Enable prompt caching
Prompt caching is a feature that allows you to cache the results of a prompt so that it can be reused later.
You can only enable prompt caching if you are using LLM proxy for Anthropic models.
How to use prompt caching
You can either use the prompt_caching
feature through the LLM proxy or log those LLM requests that are cached, which will give you a better observability.
How does prompt caching work?
All information is from Anthropic’s documentation.
When you send a request with prompt caching enabled:
- The system checks if a prompt prefix, up to a specified cache breakpoint, is already cached from a recent query.
- If found, it uses the cached version, reducing processing time and costs.
- Otherwise, it processes the full prompt and caches the prefix once the response begins.
This is especially useful for:
- Prompts with many examples
- Large amounts of context or background information
- Repetitive tasks with consistent instructions
- Long multi-turn conversations
The cache has a 5-minute lifetime, refreshed each time the cached content is used.

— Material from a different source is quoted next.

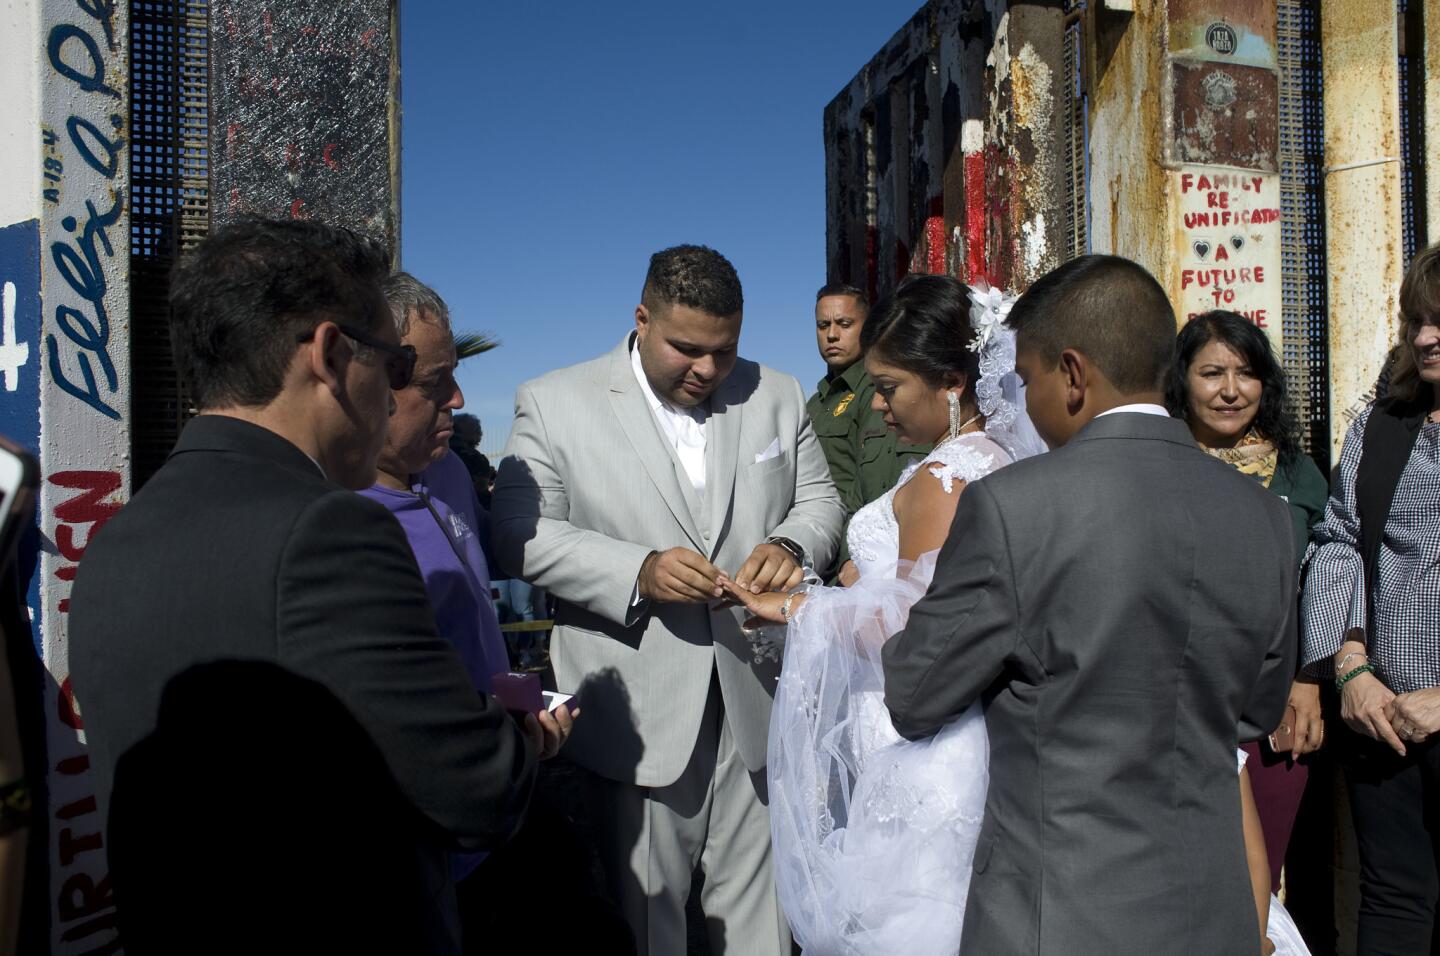 El estadounidense Brian Houston le pone un anillo a su prometida la mexicana Evelia Reyes durante la celebración de su boda en una de las puertas de la valla fronteriza entre EEUU y México en Tijuana, que abrió brevemente...

Prompt caching pricing for Anthropic models
Model | Base Input Tokens | Cache Writes | Cache Hits | Output Tokens |
---|---|---|---|---|
Claude 3.5 Sonnet | $3 / MTok | $3.75 / MTok | $0.30 / MTok | $15 / MTok |
Claude 3.5 Haiku | $1 / MTok | $1.25 / MTok | $0.10 / MTok | $5 / MTok |
Claude 3 Haiku | $0.25 / MTok | $0.30 / MTok | $0.03 / MTok | $1.25 / MTok |
Claude 3 Opus | $15 / MTok | $18.75 / MTok | $1.50 / MTok | $75 / MTok |
Note:
- Cache write tokens are 25% more expensive than base input tokens
- Cache read tokens are 90% cheaper than base input tokens
- Regular input and output tokens are priced at standard rates
Supported models
Prompt caching is currently supported on:
- Claude 3.5 Sonnet
- Claude 3.5 Haiku
- Claude 3 Haiku
- Claude 3 Opus
Cache Limitations
The minimum cacheable prompt length is:
- 1024 tokens for Claude 3.5 Sonnet and Claude 3 Opus
- 2048 tokens for Claude 3.5 Haiku and Claude 3 Haiku
Shorter prompts cannot be cached, even if marked with cache_control. Any requests to cache fewer than this number of tokens will be processed without caching.